Source: U.S. Bureau of Labor Statistics, Occupational Employment and Wage Statistics survey, May 2024 estimates. Cost-of-living adjustment uses BEA Regional Price Parities, most recent release.

$43,720
Washington median
$40,855 after COL
$38,630
Vermont median
$39,435 after COL
+13.2%
Nominal gap
Washington leads
+3.6%
Adjusted gap
Washington leads after COL

The story behind the numbers

On raw wages, Washington pays $5,090 more per year than Vermont for janitors and cleaners, except maids and housekeeping cleaners, a gap of +13.2%.

After adjusting for cost of living, Washington still comes out ahead, with roughly $1,420 of extra purchasing power (+3.6% real gap). Local prices do not reverse the nominal advantage.

Full breakdown by location

Detailed wage, employment, and cost-of-living figures for janitors and cleaners, except maids and housekeeping cleaners in each location. Click through to the full local salary page for percentiles, outlook, and peer areas.

Janitors And Cleaners, Except Maids And Housekeeping Cleaners

Washington

Median salary
$43,720
Mean salary
$45,460
Employment
48,470
Location quotient
0.96
Jobs per 1,000
13.7
COL-adjusted median
$40,855
Regional Price Parity
107.0%

Exact state RPP match.

Full Janitors And Cleaners, Except Maids And Housekeeping Cleaners page for Washington →

Janitors And Cleaners, Except Maids And Housekeeping Cleaners

Vermont

Median salary
$38,630
Mean salary
$40,390
Employment
5,220
Location quotient
1.20
Jobs per 1,000
17.2
COL-adjusted median
$39,435
Regional Price Parity
98.0%

Exact state RPP match.

Full Janitors And Cleaners, Except Maids And Housekeeping Cleaners page for Vermont →

Related pages

Keep digging into janitors and cleaners, except maids and housekeeping cleaners from a different angle.

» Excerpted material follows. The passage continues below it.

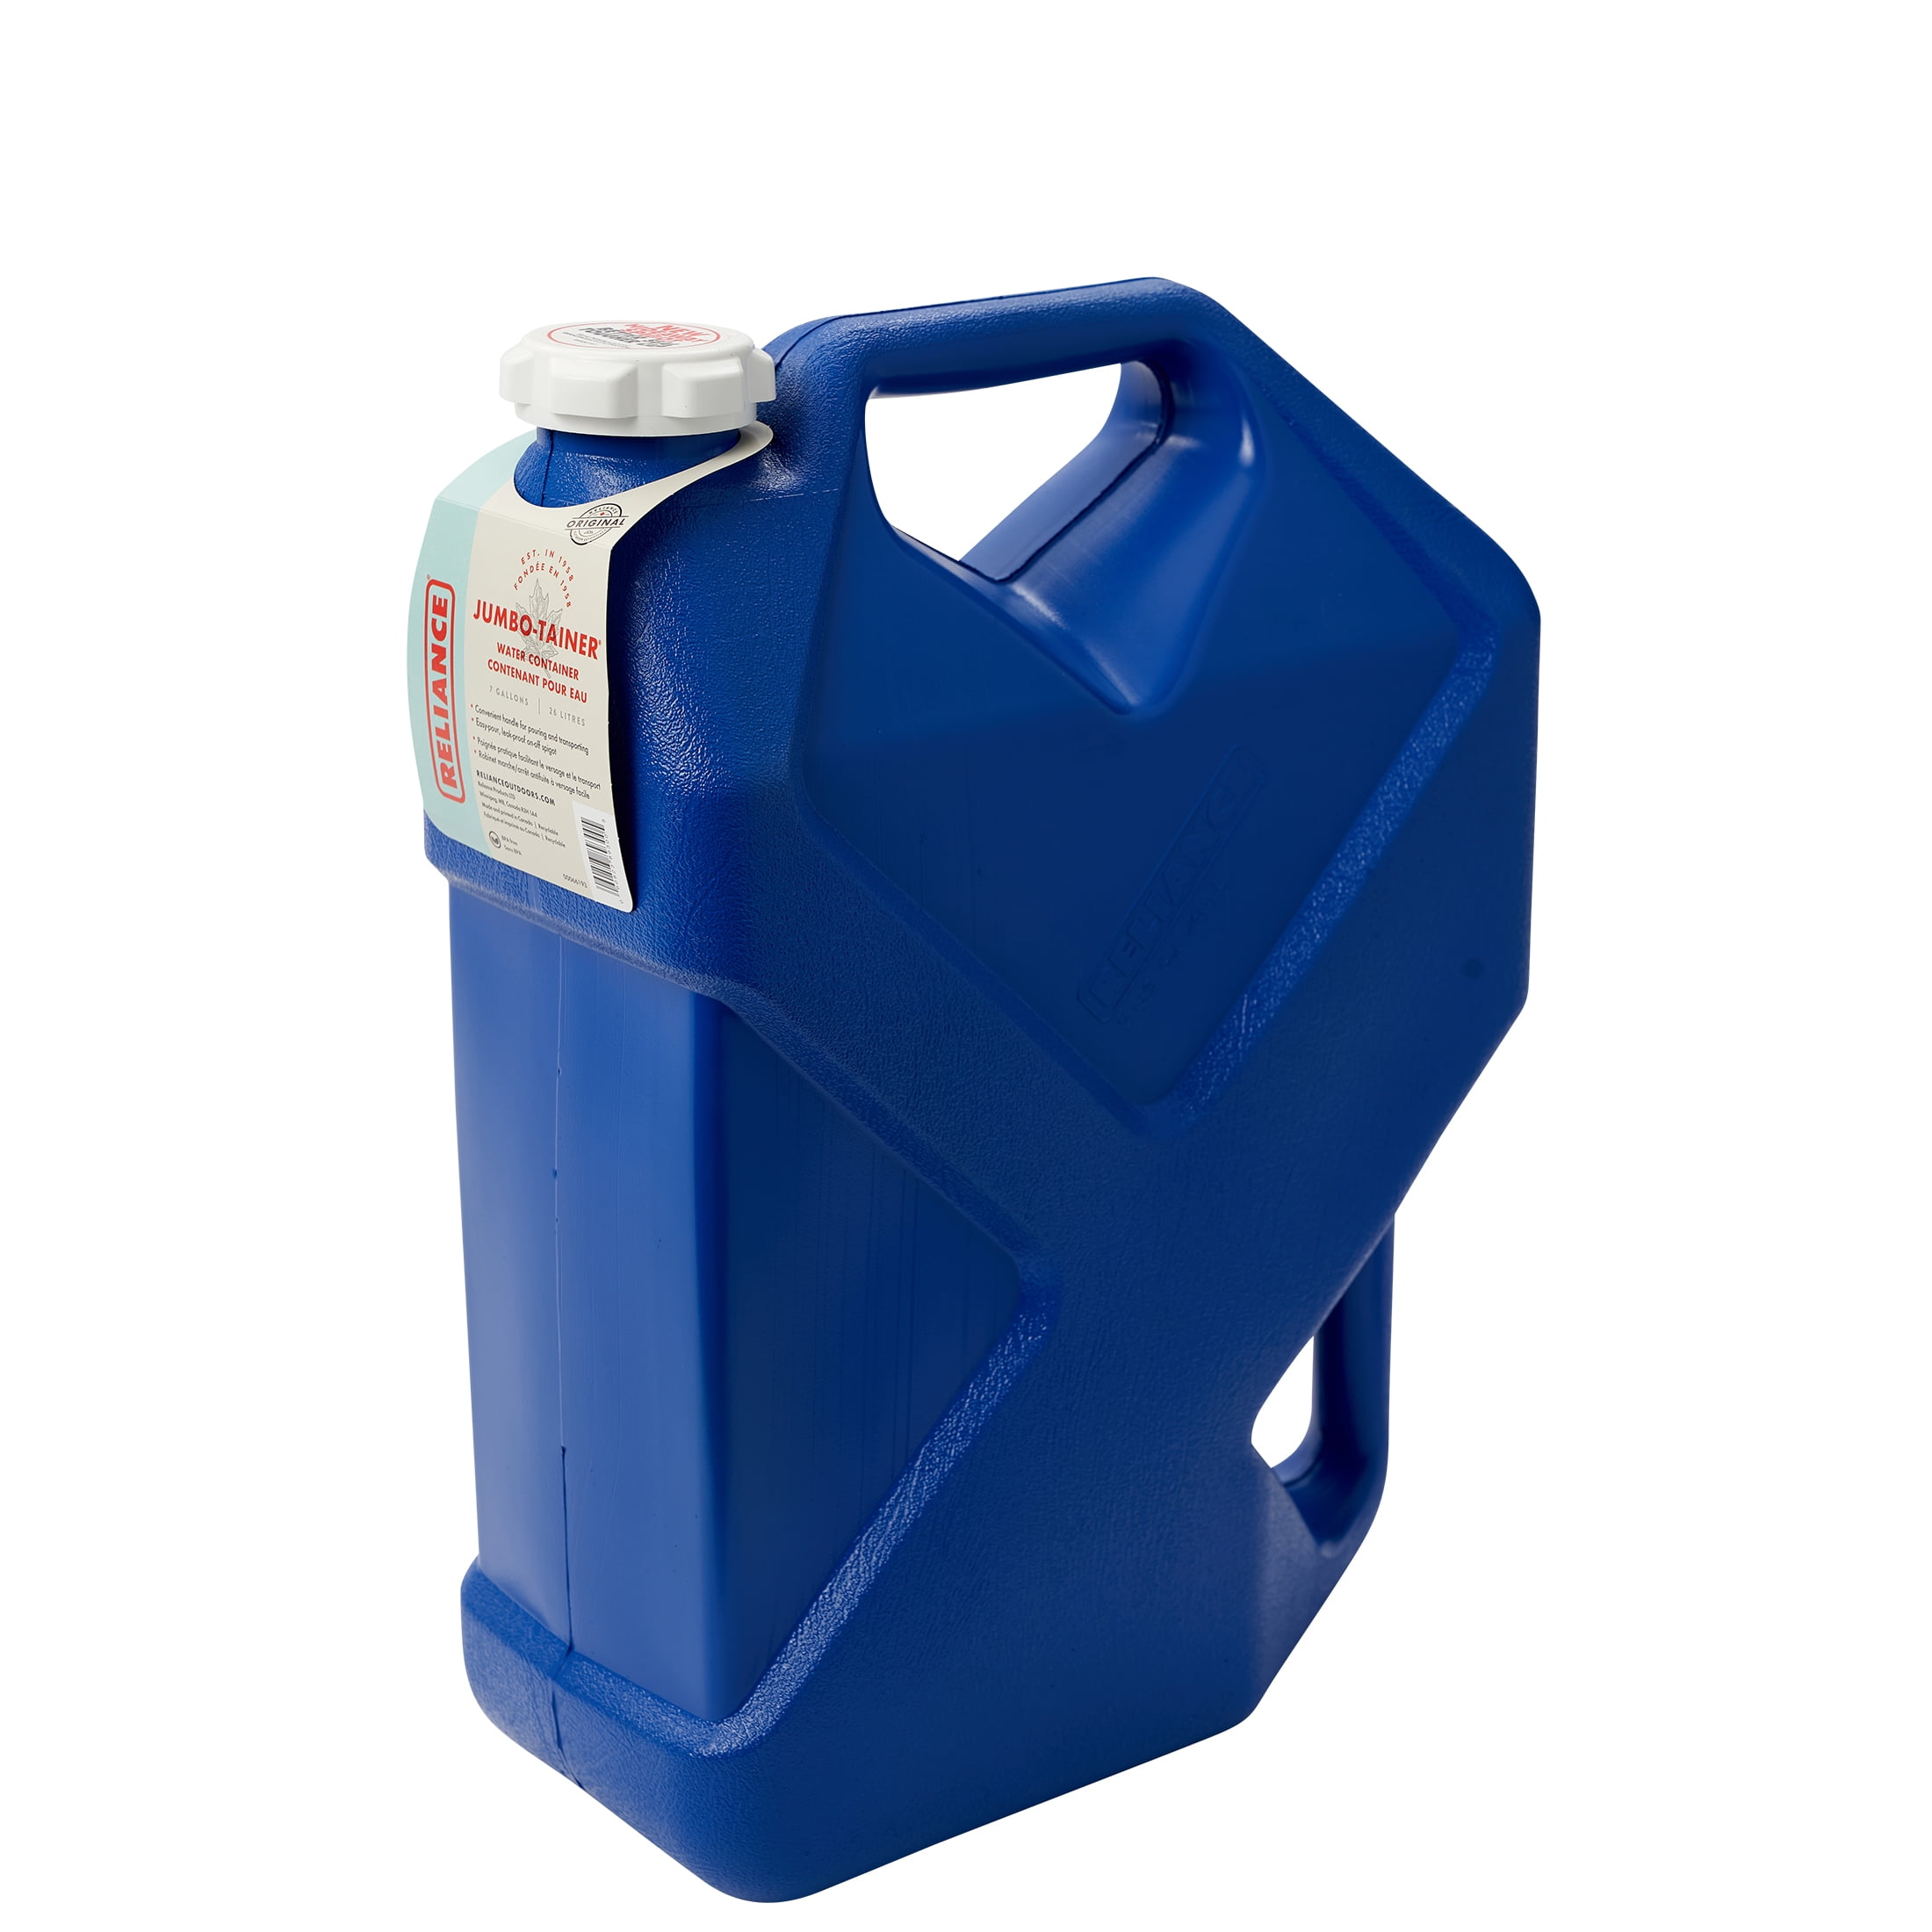 5 Gallon 20 Litre Am Green for sale online Scepter 05177 Military Water Container

Common questions about this comparison

What does the cost-of-living adjustment actually do? +

It divides each location's nominal median wage by its Regional Price Parity (RPP), which measures how local prices compare to the national average (100 = national). A wage of $100,000 in an area with RPP 120 has the same purchasing power as roughly $83,000 nationally.

Why would the nominal and adjusted winners disagree? +

High-cost metros often pay higher salaries, but not by enough to fully offset the higher cost of housing, goods, and services. When that happens, the location with the lower nominal wage actually offers more real purchasing power.

What is a location quotient? +

The location quotient measures how concentrated an occupation is in a given area versus the national average. A value of 2.0 means the occupation is twice as common there as nationally. It is a signal of what a state specializes in.